I am importing a CSV file of tabulation data generated by a market research package.

Each value field starts with a number, but then has character qualifiers and flags that relate to whether or not it is a percentage, whether the sample size is low, and so on. So example fields might include...

55
12.7
27%
33.98%
89*
91%*abe

...and so on. The numerical values are ALWAYS the first part of the field. So you never see abe91%, for example. I already know which fields represent percentages (so I don't need to preserve the percent sign, nor do I need even to know it is there).

I can think of several inelegant ways of stripping out the text to get at the raw number (and decimals). But I know there must be one -- or several -- elegant solution(s).

Anyone know an elegant solution?

Thanks in advance

Brad

POSTED BY: Brad Varey
8 Replies

I don't know if this is "elegant" but it certainly works because your numbers come first...

In[1]:= GetMyNumber[str_String] := 
 ToExpression[StringJoin@StringCases[str, DigitCharacter | "."]]

In[2]:= someNumbers = {"55", "12.7", "27%", "33.98%", "89", "91%abe"}

Out[2]= {"55", "12.7", "27%", "33.98%", "89", "91%abe"}

In[3]:= GetMyNumber /@ someNumbers

Out[3]= {55, 12.7, 27, 33.98, 89, 91}

Unfortunately something more elegant like using Interpreter["Number"] on your strings will not work since a number of the forms you have are not known number forms. Also, often using Interpreter[...] can be quite slow as it often uses the Cloud to do the interpretation.

But here is an example of the problem for a more general (semantic interpreter) case showing examples of an Interpreter working and not working on your examples:

In[4]:= Interpreter["InactiveSemanticExpression"] /@ someNumbers

Out[4]= {55, 12.7, Inactive[Quantity][27, "Percent"], 
 Inactive[Quantity][33.98, "Percent"], 89, Failure[
 "InterpretationFailure", 
Association[
  "MessageTemplate" :> MessageName[Interpreter, "semantic"], 
   "MessageParameters" -> Association["Input" -> "91%abe"], 
   "Input" -> "91%abe", "Type" -> "Expression"]]}

Which may not format correctly in this forum

POSTED BY: David Reiss

David's solution is much more elegant and can deal with more cases, but I was already trying to get the same, so I thought I might as well post my solution.
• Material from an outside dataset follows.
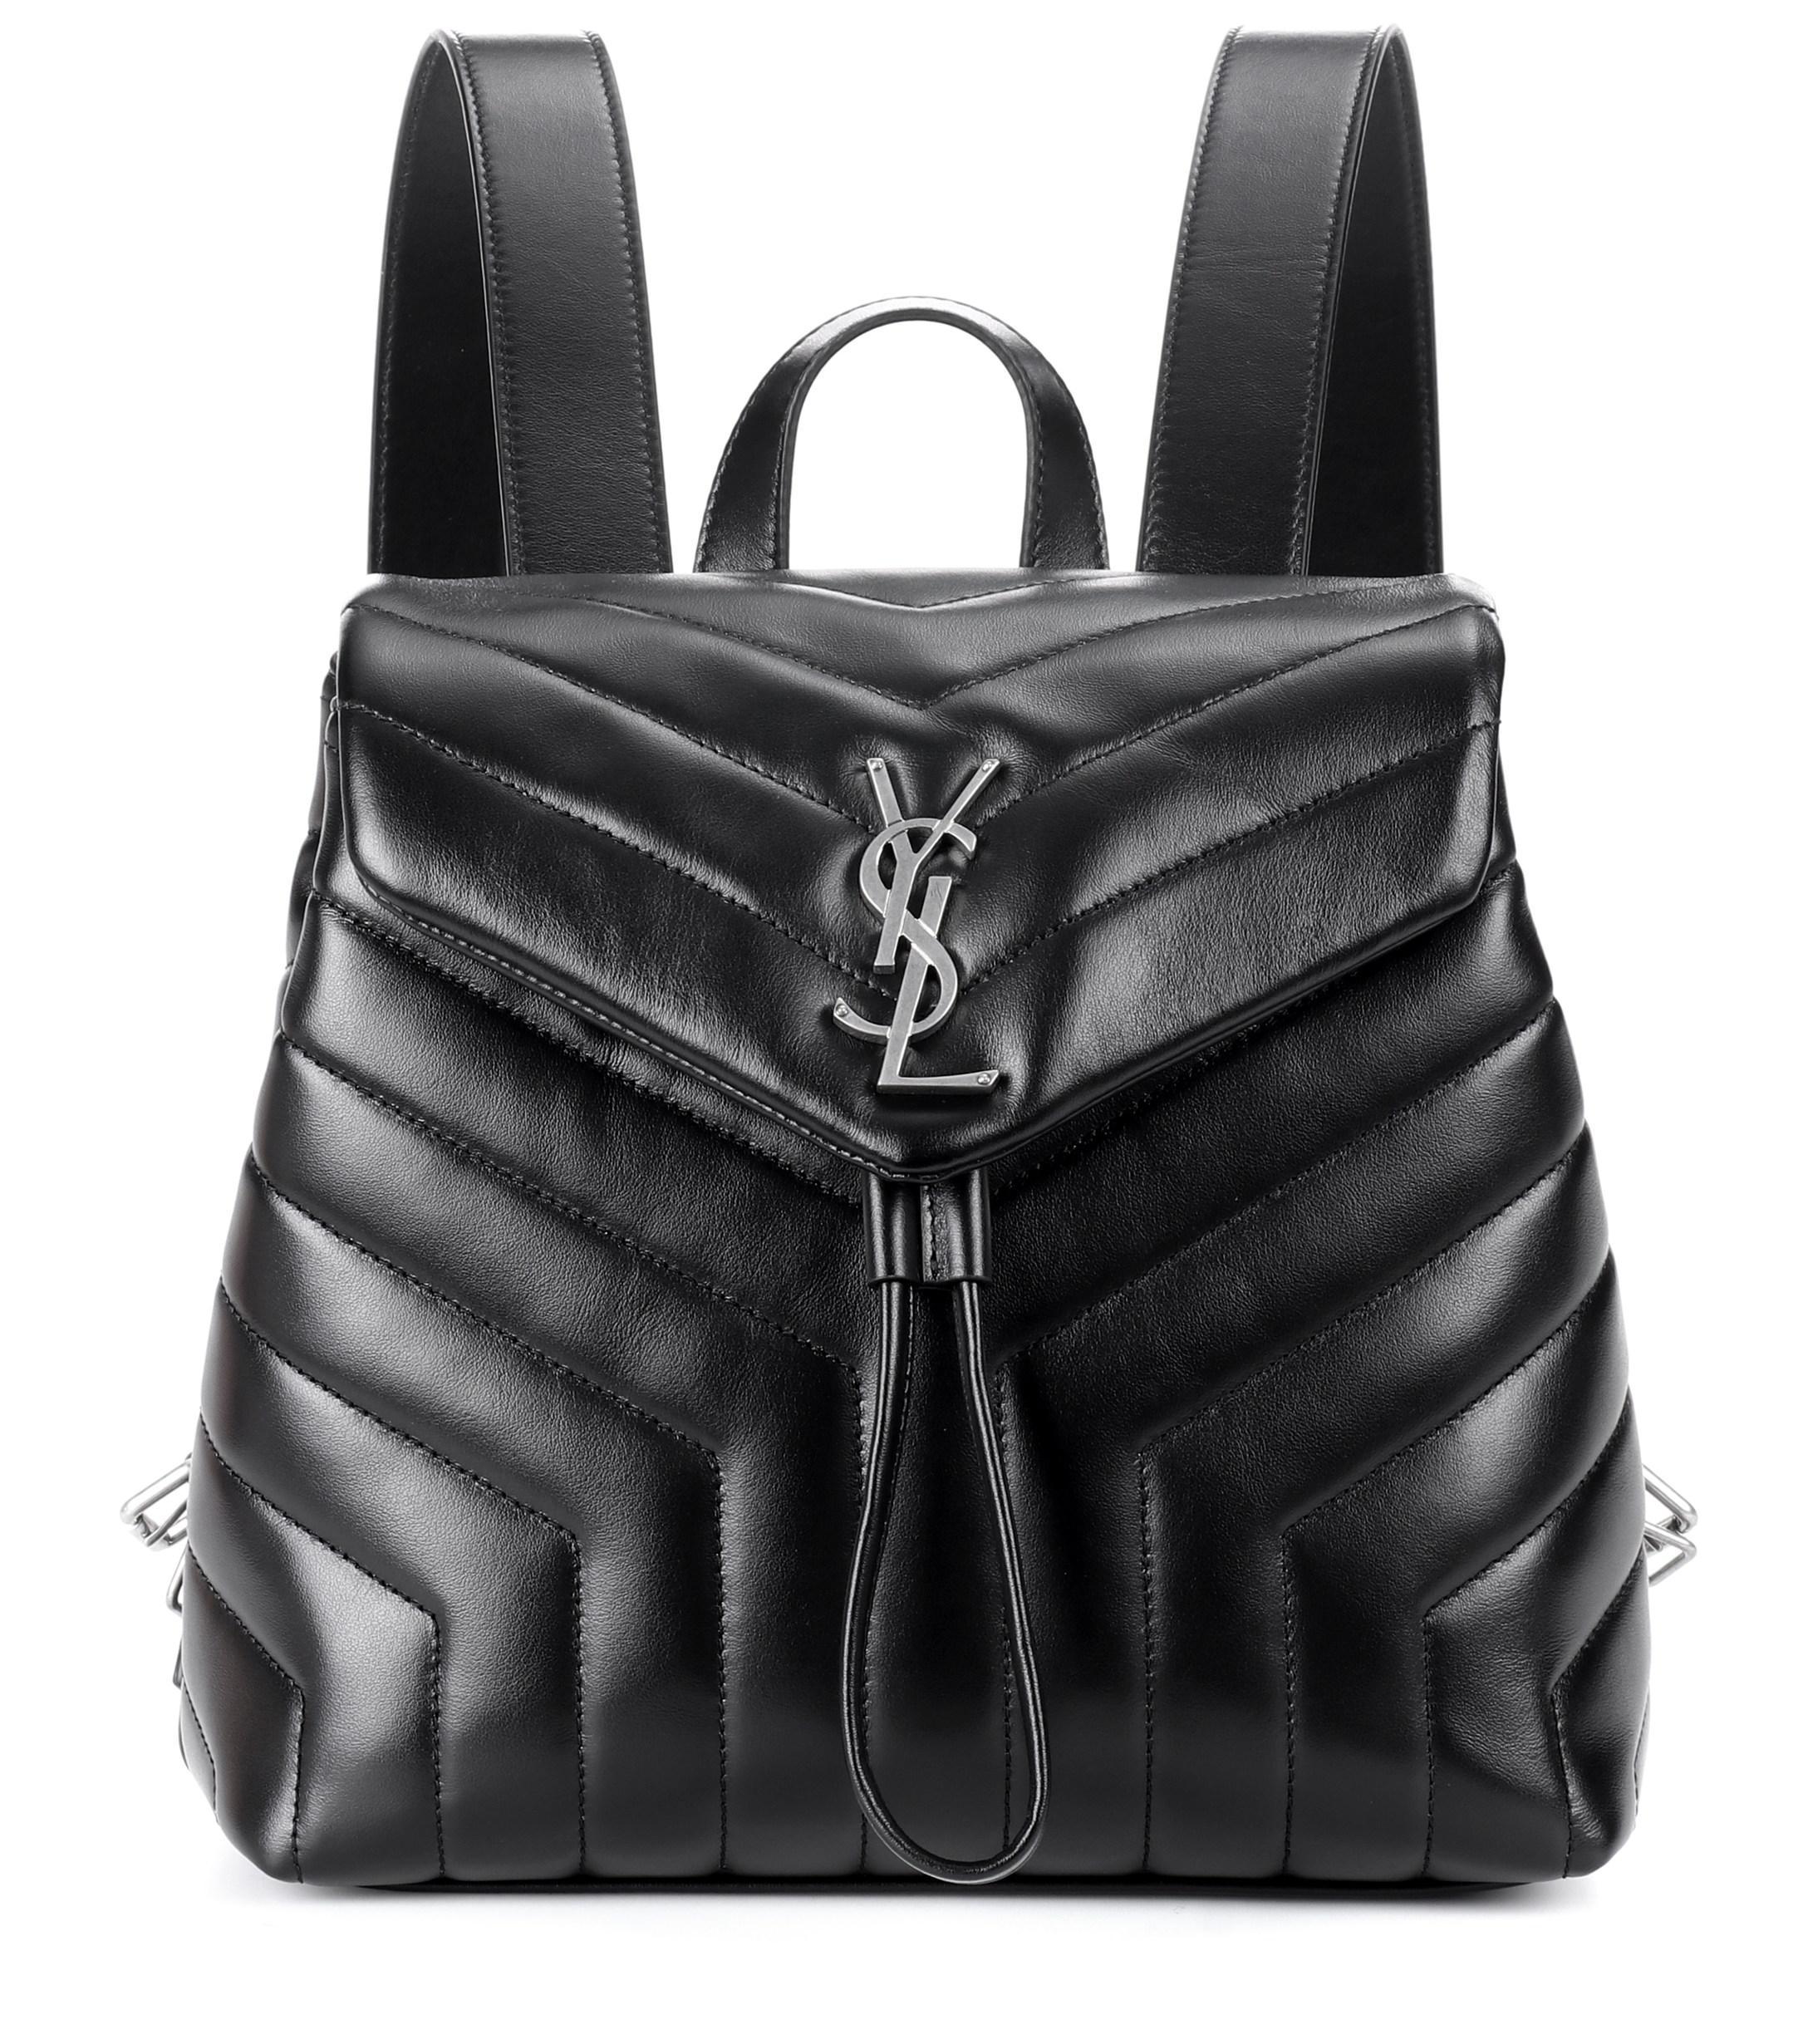 9c7a42d4ec63 Lyst - Saint Laurent Small Loulou Monogram Backpack in Black

extractNumbers[list_List] := ToExpression[StringSplit[#, {"%", CharacterRange["a", "Z"] ..}][[1]]] & /@ list

and then

list={"55", "12.7", "27%", "33.98%", "89", "91%abe"};
extractNumbers[list]

which gives

{55, 12.7, 27, 33.98, 89, 91}

I guess I did not know the function DigitCharacter.

Cheers,

Marco

POSTED BY: Marco Thiel

Of course my function gives bizarre results in cases like this! So careful restriction to exactly the described cases is important:

In[5]:= GetMyNumber["5 is a number. But 6 is not"]

Out[5]= 5.6

And those cases cannot have either numbers or periods after the actual leading number.

POSTED BY: David Reiss
Posted 10 years ago

Thanks, David and Marco

I've employed David's solution, but it gives rise to another problem.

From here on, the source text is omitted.